The two friends become overjoyed to see another treasure but Joe becomes suspicious of their presence when he sees their digging tools lying around the haunted house. Therefore, Joe decides to take away his gold instead of hiding it. Huckleberry stalks Joe in the hope of snatching his gold while Tom enjoys his life in picnic and parties with his friends. While stalking Injun Joe, Huckleberry overhears his plan of attacking a widow Douglas which is stopped by Huck immediately.

The murderer Injun Joe meets a cruel death when he is locked up inside the cave where Tom and Becky get lost during a picnic. The next week Tom takes Huckleberry to the cave where they find the gold hidden by Joe. The two friends split the gold and become rich.

The widow Douglas decides to adopt Huck while Tom plans to start his own rubber band.
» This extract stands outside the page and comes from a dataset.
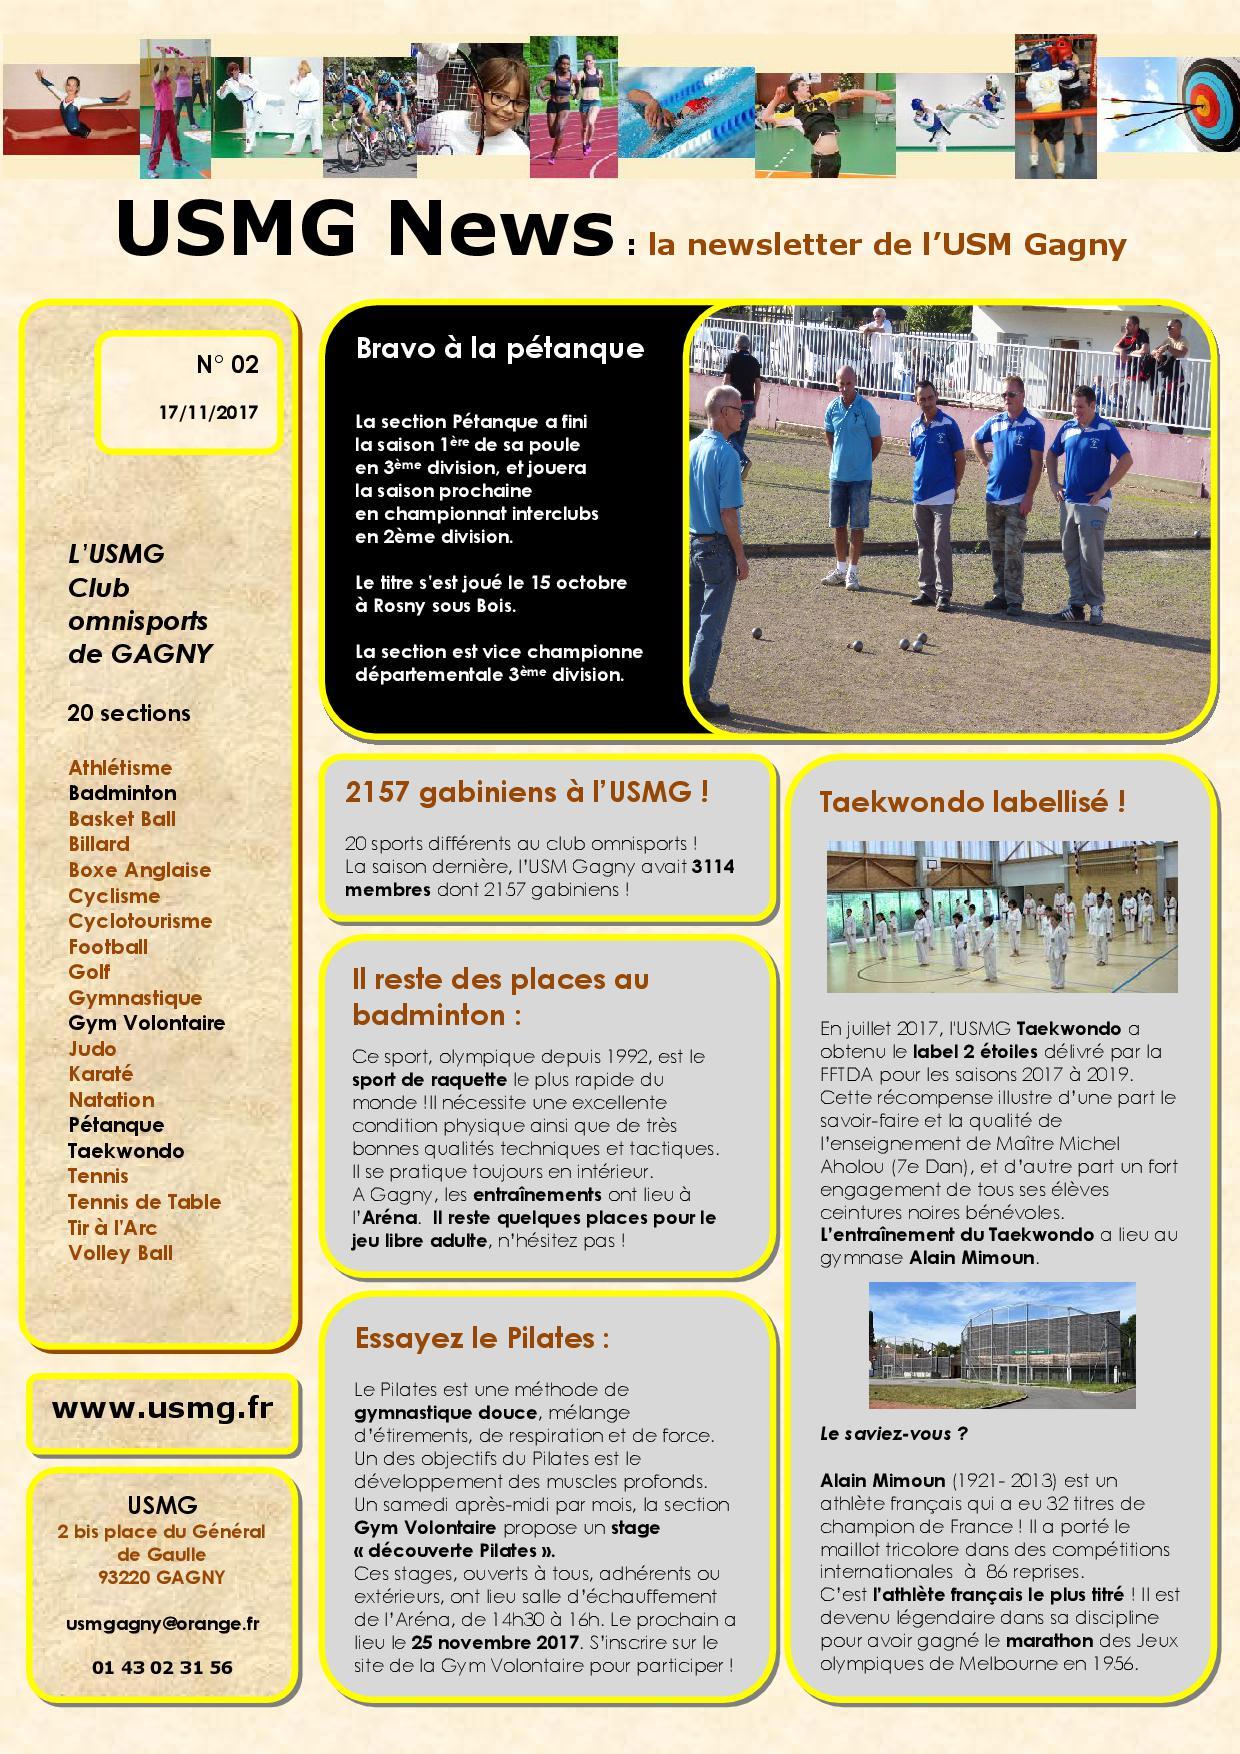 Usmg news 02

The narrative comes to its denouement when the two young friends, after years of being together, decide to part ways with a promise to join each other in their adventures and quests if they meet again in life.

Conclusion

Twain’s The Adventures of Tom Sawyer is not only a tale of physical maturity and psychological development of the characters but also a story of everlasting friendship, thrilling adventures and exciting journeys undertaken by the characters to blossom into young adults from innocent beings; thus, making the fiction famous and widely acclaimed by the readers of all ages and times.

So endeth this chronicle. It being strictly a history of a boy, it must stop here; the story could not go much further without becoming the history of a man.